I am sure that my new facebook friends are experiencing all of these fears, plus feelings of anger, depression, hopelessness, and utter devestation.  Yet you won’t find them boo-hooing, “poor me” on Facebook!  To read their posts, you will find only strength, courage and determination.  As one said, “I’m ready to fight like a girl!”; and another: “This will not define me.”  THAT, my friends, is a Survivor’s Attitude!

These women are part of my “tribe”, a secret sisterhood that nobody chooses to be a part of, yet when you join you instantly become bonded with your “pink sorority.”  That’s why these women felt safe in reaching out to me.  Having been there, I am able to offer to them encouragement and hope from a place of knowing.

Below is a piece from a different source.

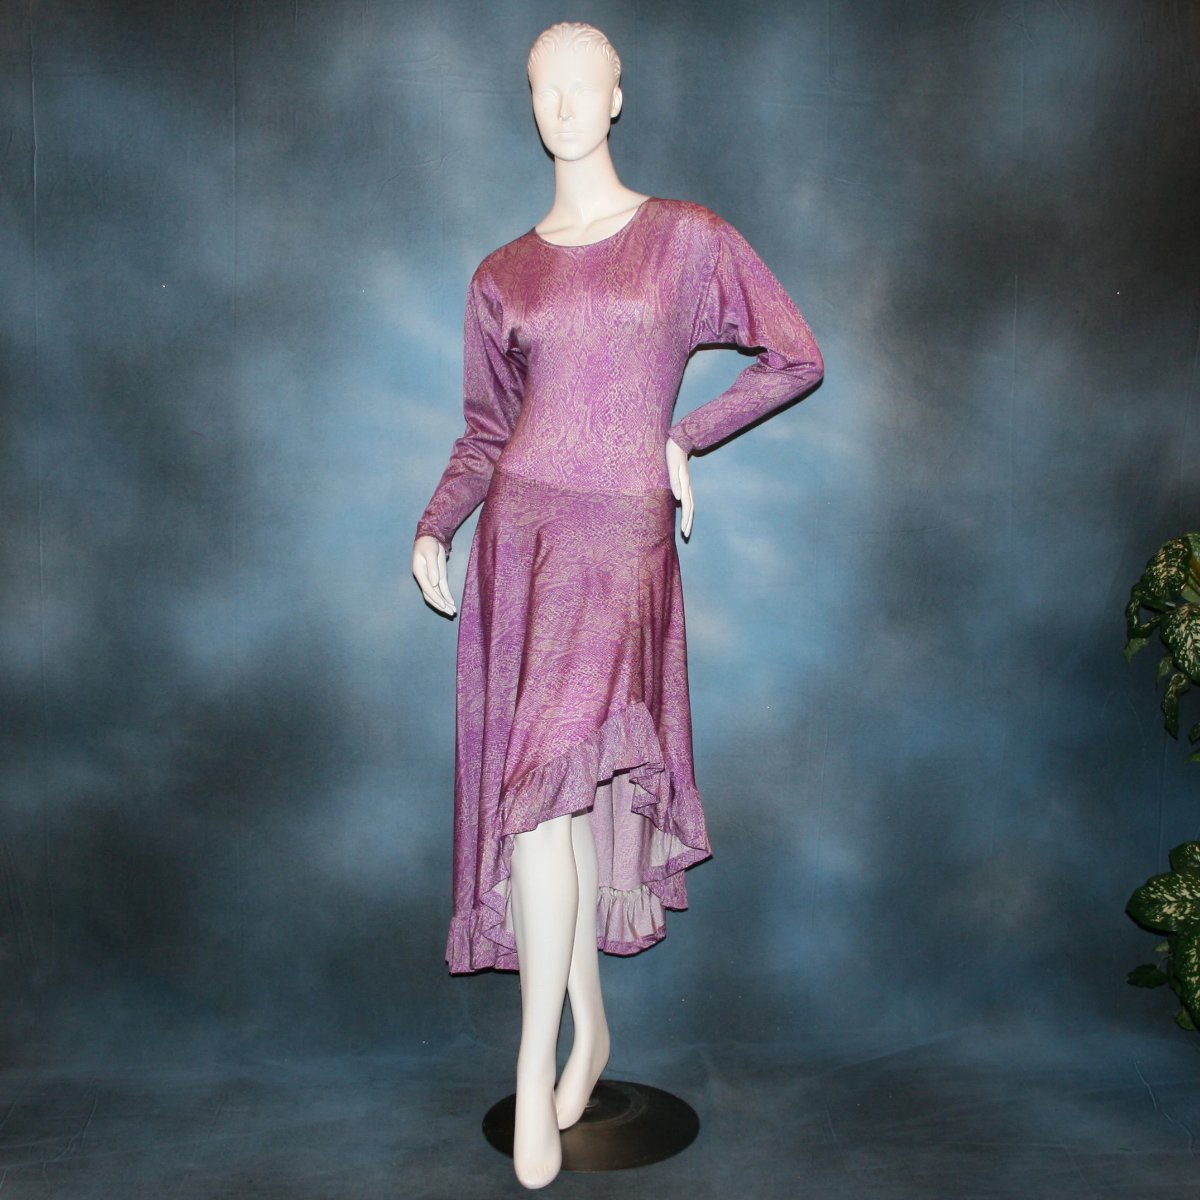 Purple bodysuit with ruffled Latin/rhythm skirt of reptilia purple print lycra, with a slight iridescent sheen, great for any ballroom dance, ballroom teachers or practice.

Last night, I was reading a book called Divine Secrets of the Ta-Ta Sisterhood, by Joanna Chapman. (A great read which I would recommend, especially to those just starting treatment.) I came across a letter that she had written to her “sisters”, i.e those currently fighting cancer.  There is a part of this letter that really resonated with me, and I would like to share it with you, my new Facebook friends, as you face your battle:

I wish I could wrap you up in a fuzzy blanket of your favorite color-which I am guessing is probably not pink.  I’d sit you down beside a cozy fire and bring you hot chai tea and chocolate croissants.  Fill your book-shelves with new releases from your favorite authors and your iPod with soothing music.  Invite your closest friends over-the ones who could make you laugh, but would also let you curse and cry. 

When you were tired, I’d help you to a comfy bedroom overlooking the ocean, where the sounds of the waves could lull you to sleep.  I’d scatter scented candles and framed photos of your favorite memories on the dresser and nightstand.  I’d help you write letters to your loved ones.  I’d hold your hand whenever you were scared until you no longer needed me.

Thinking of you, wishing you fortitude, comfort and peace.